Faron scowled as the queen knocked on the door and spoke to the Queenshield who opened it to attend to her. A soldier crossed to the bed, channeling the power of an astral into the chains. They snapped open and slithered down the mattress like garden snakes, curling up in a pile at the foot of the bed. Signey sat up, her back against the brass headboard. From that position, she could see everyone in the room.

“Commander Warwick,” said the queen with barely enough diplomacy to keep the words from slicing. “Before anything else, please explain why a feral dragon was loose outside the Summit when all your dragons were supposed to be stationed at San Mala.”

The commander traced the bed frame absently. Scalestone shackles were still attached to it, found by his curious fingers. “What I am about to tell you cannot leave this room. This is a matter of national security for the Langlish Empire, and I would hate for it to be wielded as a weapon against us when we have come to you in peace.”

“One of your dragons tried to ‘peacefully’ burn down our Victory Garden,” said Faron. Elara squeezed her hand lightly and she settled, tucking her head against Elara’s shoulder.

“Shortly after the insurrection—or, rather, your revolution—our dragons began to act strangely. Feral.” As he spoke, the commander’s fingers danced over the shackles, back and forth, back and forth. “One dragon set fire to a small fishing village off the Emerald Highlands. Another attacked a professor at Hearthstone, who was then forced to retire. Yet another left the capital of Beacon under the cover of night and attacked a military base. We had our leading dracologists study this phenomenon, and they coined the term ‘the Fury.’”

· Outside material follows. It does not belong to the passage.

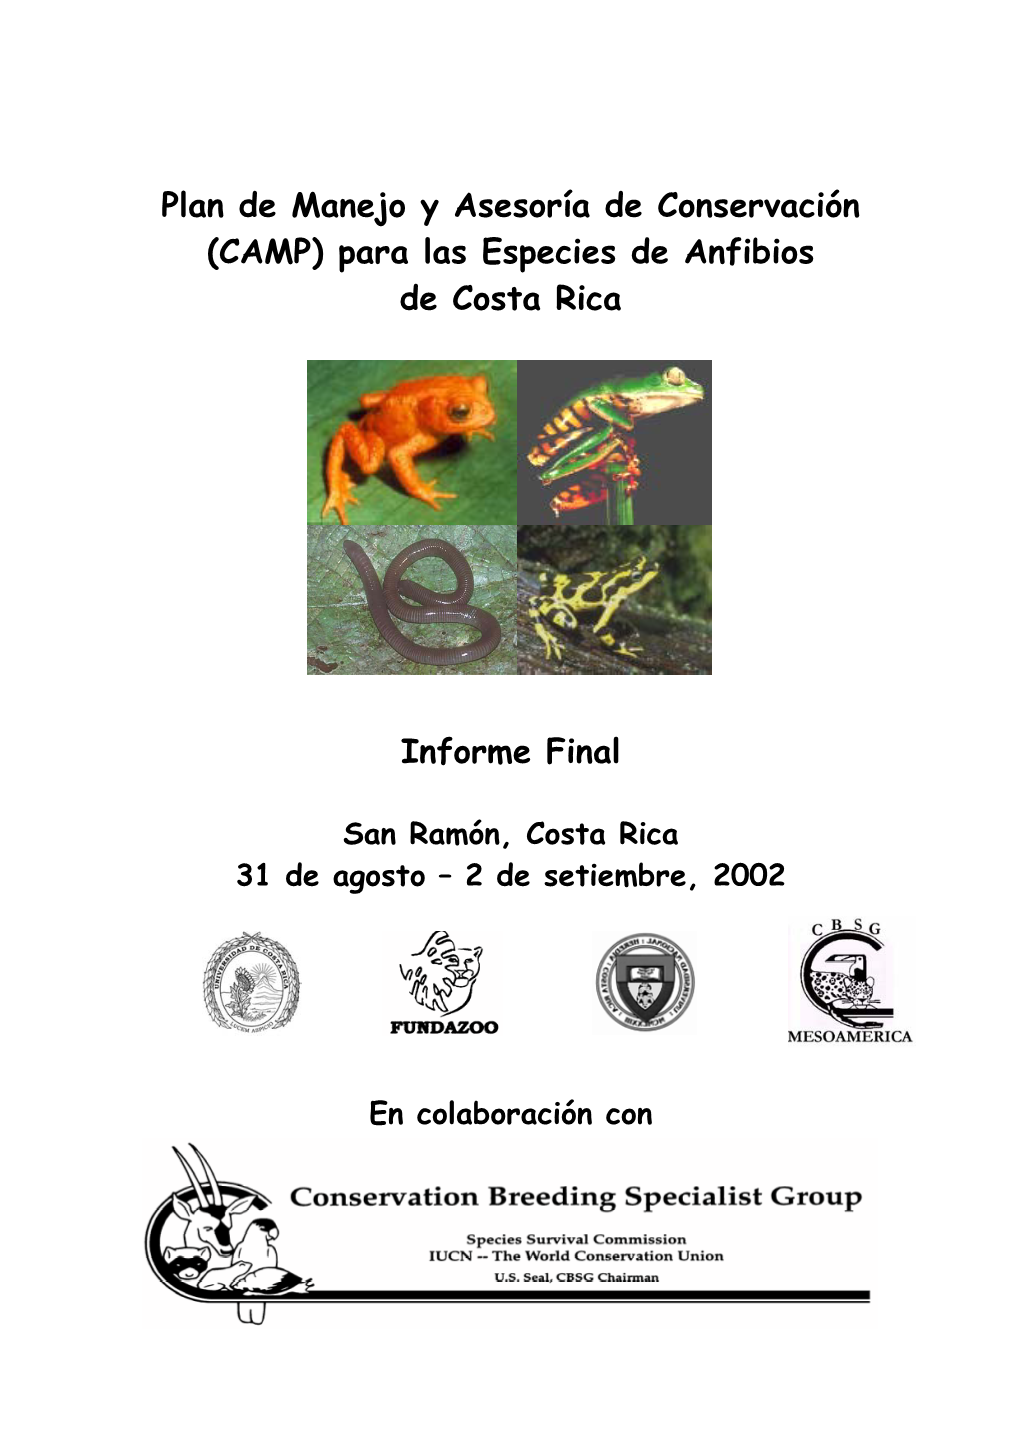 (CAMP) Para Las Especies De Anfibios De Costa Rica Informe Final

“You needed a researcher to tell you that dragons are feral?” Faron said. “Any Iryan could have told you that.”

“They’re not, normally,” said Signey, her tone icy. “The bond between dragons and Riders is meant to, in part, temper the dragon’s natural aggressive instincts with the human’s empathy and logic. Once a bond is formed, a dragon should be no more or less feral than their Riders are.”

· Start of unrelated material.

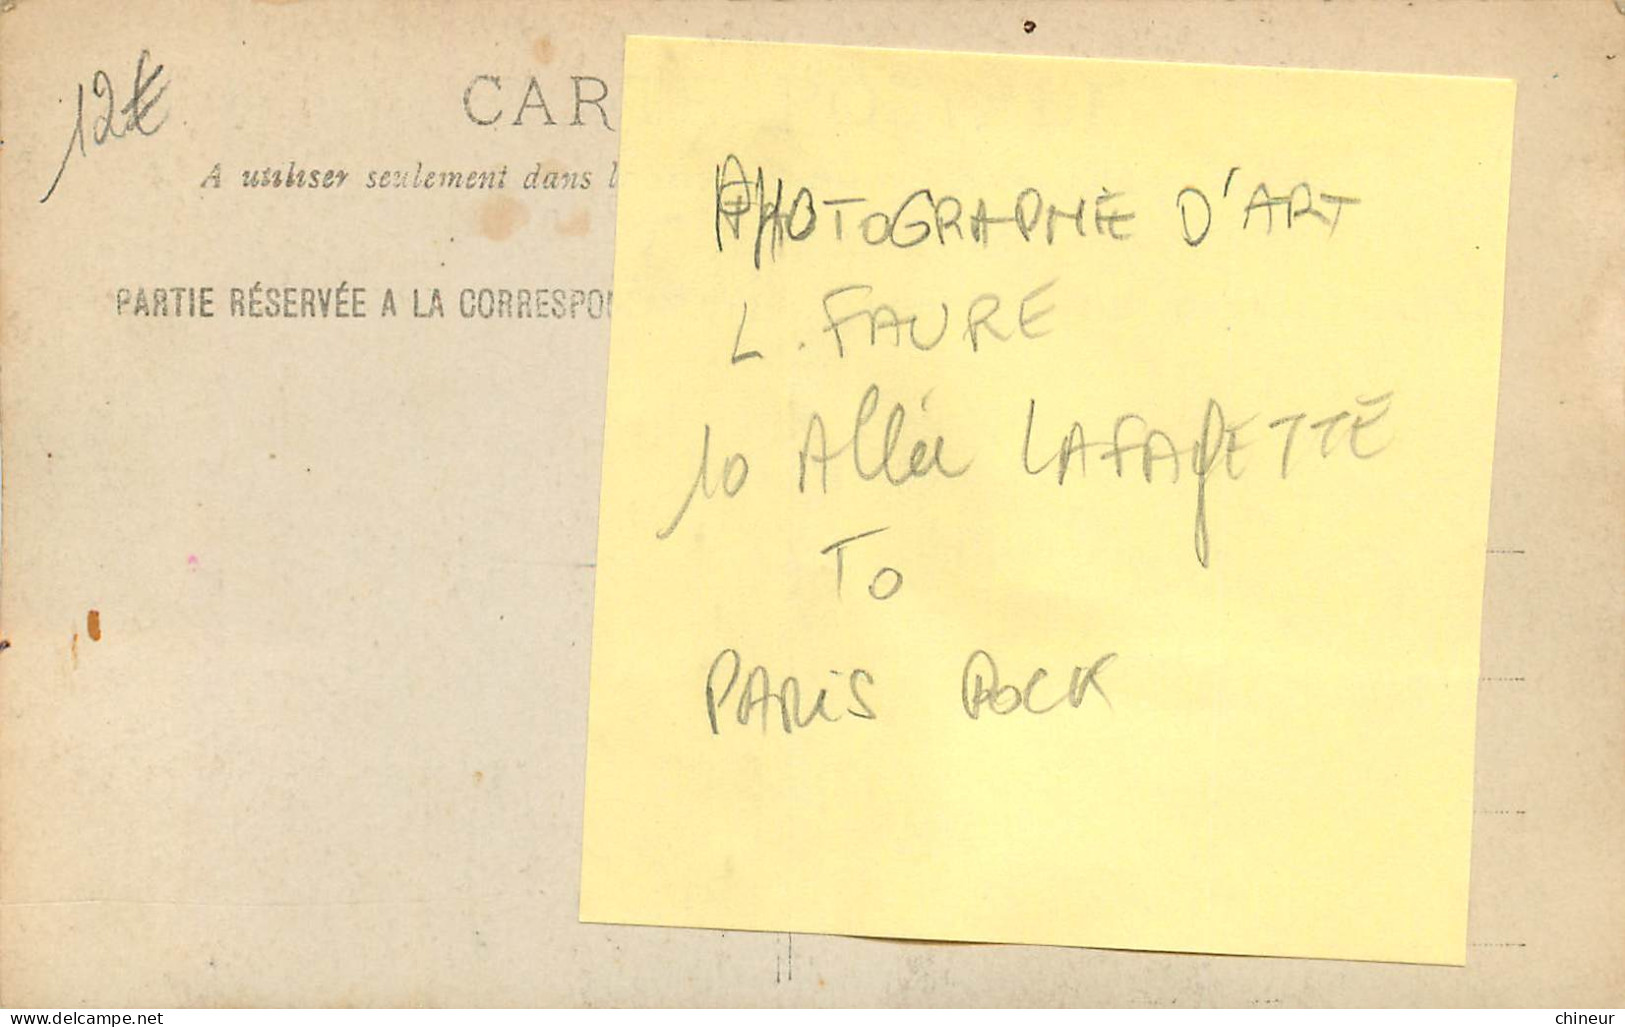 CARTE PHOTO AUTOMOBILE TACOT PHOTOGRAPHE D'ART L.FAURE 10 ALLEE LAFAYETTE PARIS POCK - Taxis & Huurvoertuigen

“Indeed. But, instead, the Fury seems to drive the dragon into a state of rage that infects their Riders, as well. At first, it will last a few minutes. Then, a few hours. Then…” The commander finally lifted his restless hands, his jaw tightening. “Then it becomes permanent for both dragon and Riders.”

Faron sat up so suddenly that she nearly collided with Elara’s skull. “Wait, so what happened to Elara in the courtyard—?”

“Was merely the first step in a downward cycle.”

Elara’s pulse raced, and her throat felt as if it had sealed itself up. She still barely remembered what had happened in the garden. The idea that it was just the start of something worse was more than she could deal with right now. Faron’s hand in hers was the only thing that kept her from drowning in her own panic.

“So how do we stop it?” Faron asked. “Have your dracologists found a cure?”

“If they had, I assure you that this incident would never have happened. Whatever you did in that garden was the first time we’ve ever seen an episode end without having to harm either the dragon or its Riders. So why don’t you tell us what you did so we can replicate it?”

Faron’s hand trembled. “I… I don’t…”

Commander Warwick approached them both, his hands in his pockets. In his midnight-black suit and tie, he looked like a living shadow. But his face was open. Genuine. If, of course, this man was ever truly genuine.

“Empyrean, it appears as though you’re our only hope. I come to you on behalf of my country and my people. Please—help save us from the Fury.” Something in his eyes hardened. “Or I’m sorry to say that your sister will be its next victim.”